Annie felt the same thrill a treasure hunter experiences when a lump beneath the sand is unearthed to reveal the dark gold of a Spanish doubloon. That instant of comprehension was hidden abruptly behind carefully bland expressions. But Annie knew what she'd seen.

“Something happened to Meg this weekend.” Annie's voice was confident now. She knew she'd stumbled on the truth, a truth these women knew.

Silence held for an instant too long, then Jenna tossed her dark hair. “I'll tell you what happened. She went on that stupid mystery cruise and overdid. She got too excited.”

Once again there was a ring of truth. Something had excited Meg, but Annie knew it wasn't the mystery cruise. Jenna looked at Claudette, a wordless glance that held a meaning Annie couldn't fathom.

“Yes, she got too excited.” Jenna spoke loudly.

“That's what happened. That's all that happened.” She glared at Annie. “She died because she had a weak heart, and you're here trying to make it a mystery. That's your business, isn't it? But you aren't going to capitalize on Mother's death.
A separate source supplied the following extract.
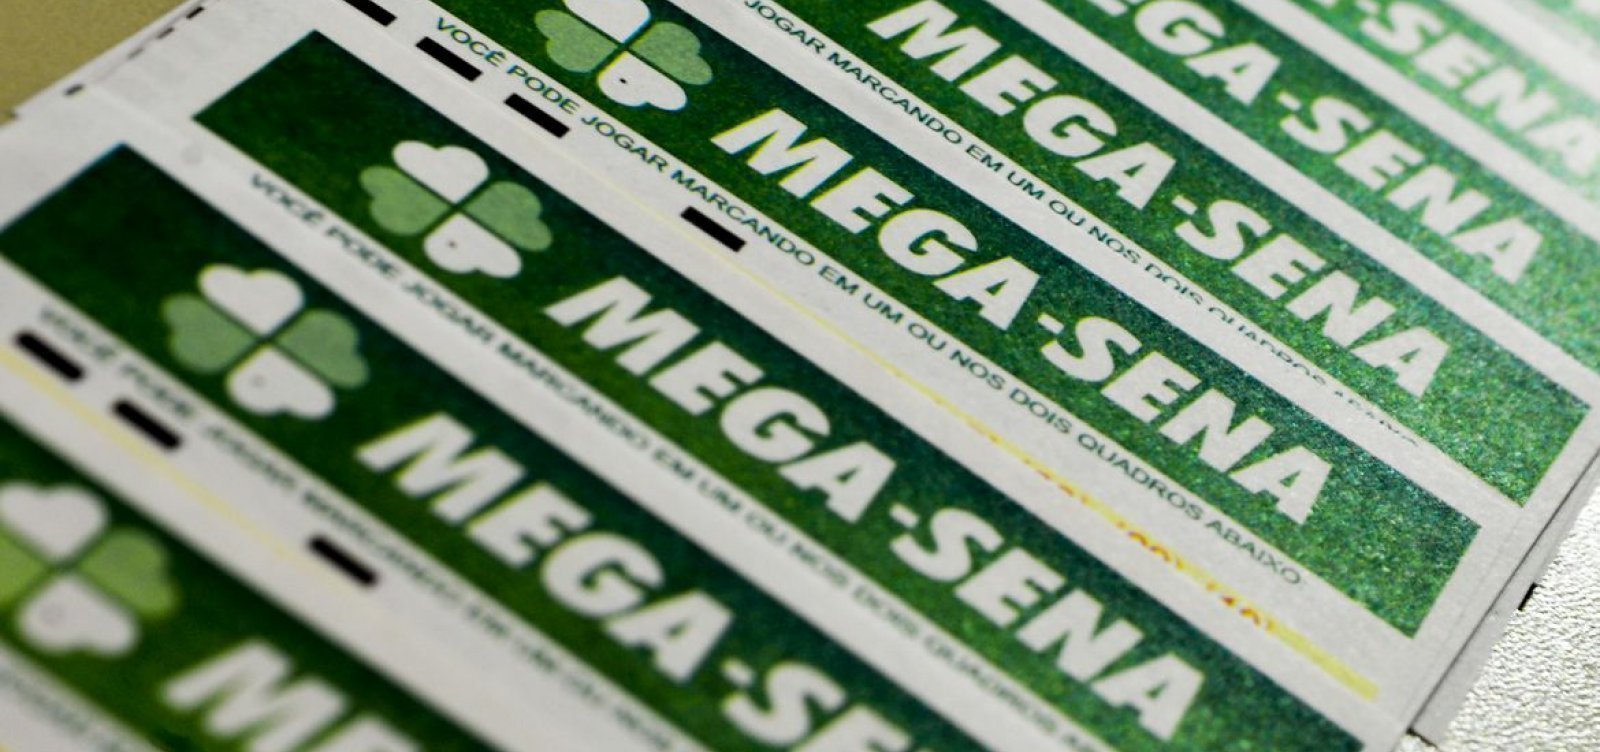 Mega-Sena: ninguém acerta as seis dezenas e prêmio acumula em R$ 115 mihões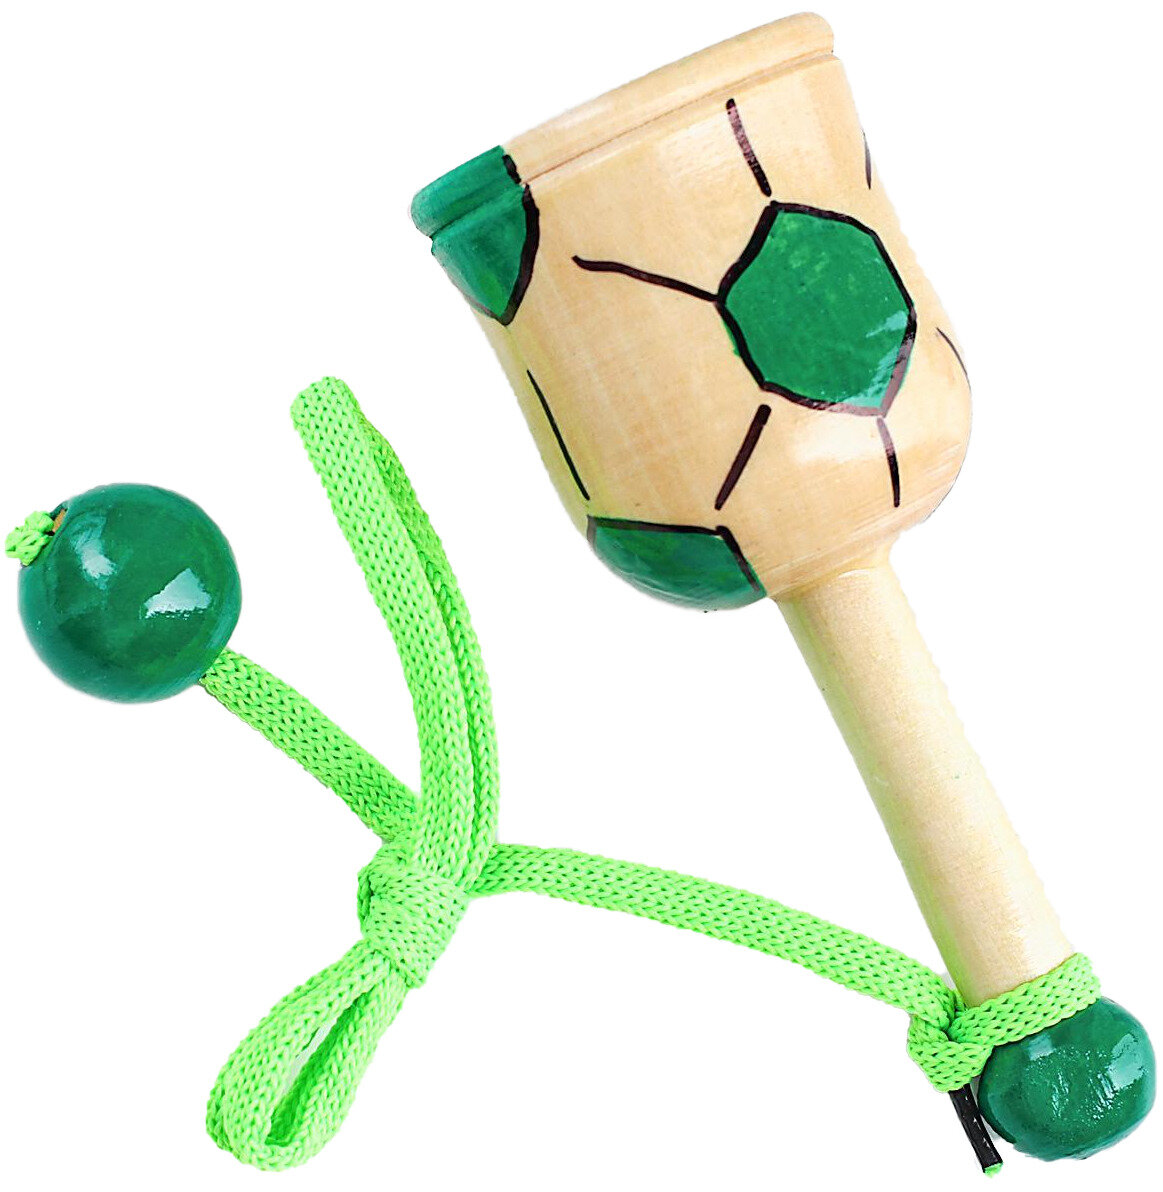 Деревянная игрушка "Поймай мяч 2" футбол, подвижная детская игра на развитие ловкости и координации движений

I won't let it happen.” For an instant, her face was warped by sheer misery.

“Mother would hate it.”

Annie didn't back down. She doubted she'd be able to convince Billy that these women knew something important about Meg's last weekend, but she was certain she was on the right track. “Pamela and your mother. Their deaths have to be linked.”

“Meg had congestive heart failure.” Claudette was peremptory.

“I know. But don't you both want to be certain that's why she died?” Annie looked from Claudette to Jenna.

Jenna's face was stony. “Of course that's why.”

Claudette half turned to look up the stairs toward the room where Meg had lived and died. There was an odd, considering expression on her face.

Jenna's breath came in quick-drawn gasps. “I'll call the hospital. I'll stop this.” She swung away, her shoes clattering against the metal, taking fast steps, heading up the stairs.

Claudette's voice was shaky but strong. “Jenna, wait.”

Jenna stumbled to a stop, whirled to stare down at Claudette. “You don't believe her?” It was a plea for reassurance. She didn't glance toward Annie.

Claudette stretched out her hands. “Jenna, we have to find out. We have to be certain. If someone killed Meg and we didn't do anything about it, she'd be furious! You know how she hated to be cheated.”

“But why would anyone—” Jenna broke off, and once again she and Claudette exchanged wordless glances. Jenna's voice was harsh. “She got too excited and her heart gave out.” Jenna darted up the stairs, her shoes clacking on the metal steps.

Annie started after Jenna. If Jenna called Dr. Burford, Annie wanted to hear what was said. She heard Claudette coming up the stairs behind her.